Answer
$34.8^\circ$
Work Step by Step
The most important part of this problem is to sketch it very well so you are not confused by any given data.
The author here asks about $\theta_T$ (Target angle) in the figure below.

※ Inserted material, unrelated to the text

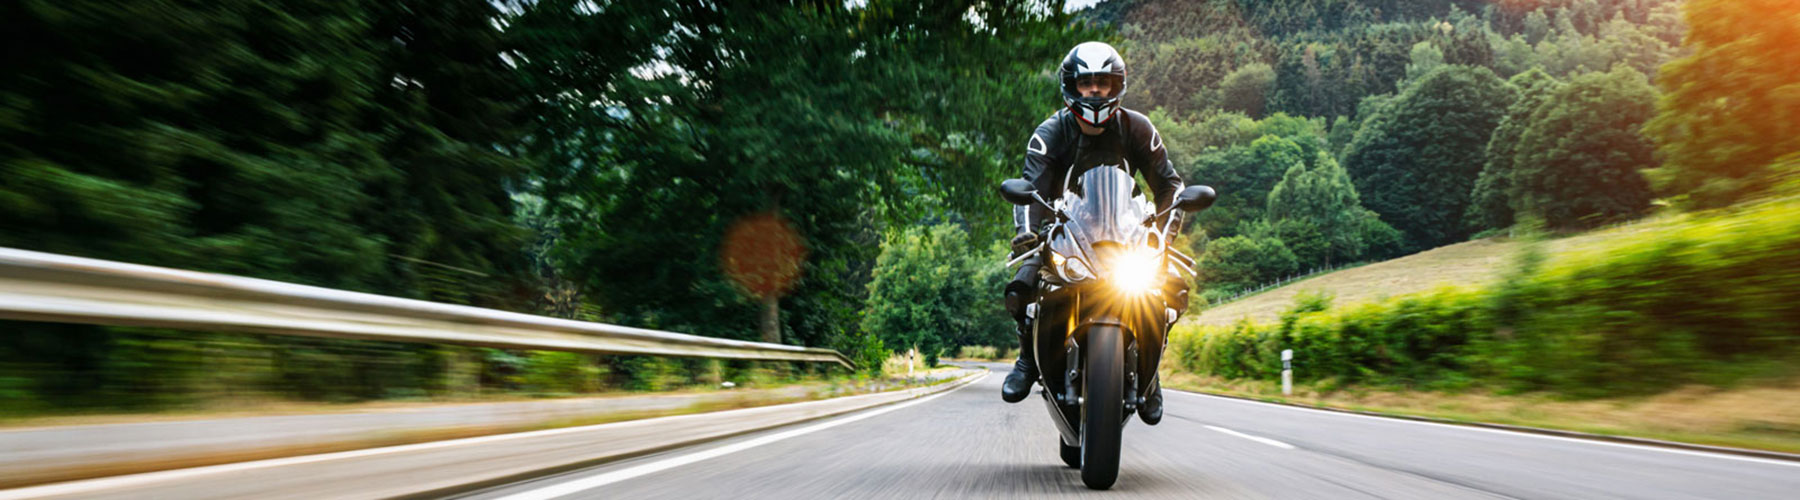 Standard sport motorcycle speeding down scenic road

We can see from the geometry of the figure below that
$$\theta_T=\tan^{-1}\left[ \dfrac{3\;\rm m}{\Delta x_1+\Delta x_2} \right]\tag 1$$
So we have to find $\Delta x_1$ and $\Delta x_2$
From the geometry of the figure below, we can see that
$$\theta_2=\bf 60^\circ$$
since it is the supplementary angle.
Also, we can see that
$$\tan30^\circ=\dfrac{2}{\Delta x_1}$$
Hence,
$$\Delta x_1=\dfrac{2\;\rm m}{\tan30^\circ}=\bf 2\sqrt{3}\;\rm m\tag 2$$
Now we can find $\theta_1$ by applying Snell's law,
$$n_1\sin\theta_1=n_2\sin\theta_2$$
where $_1$ refers to water and $_2$ refers to air.
Hence,
$$\theta_1=\sin^{-1}\left[ \dfrac{n_2\sin\theta_2}{n_1}\right]$$
Plugging the known;
$$\theta_1=\sin^{-1}\left[ \dfrac{(1.0)\sin60^\circ}{1.33}\right]$$
$$\theta_1=\bf 40.63^\circ$$
Now we can see that
$$\tan(90^\circ -\theta_1)=\dfrac{1\;\rm m}{\Delta x_2}$$
Hence,
$$\Delta x_2=\dfrac{1\;\rm m}{\tan49.37^\circ}=\bf 0.858\;\rm m\tag 3$$
Now we need to plug (2) and (3) into (1),
$$\theta_T=\tan^{-1}\left[ \dfrac{3\;\rm m}{2\sqrt{3} \;\rm m+0.858\;\rm m} \right]=\color{red}{\bf 34.8^\circ}$$
So you should fire the spear at an angle of about 35$^\circ$ below the horizontal.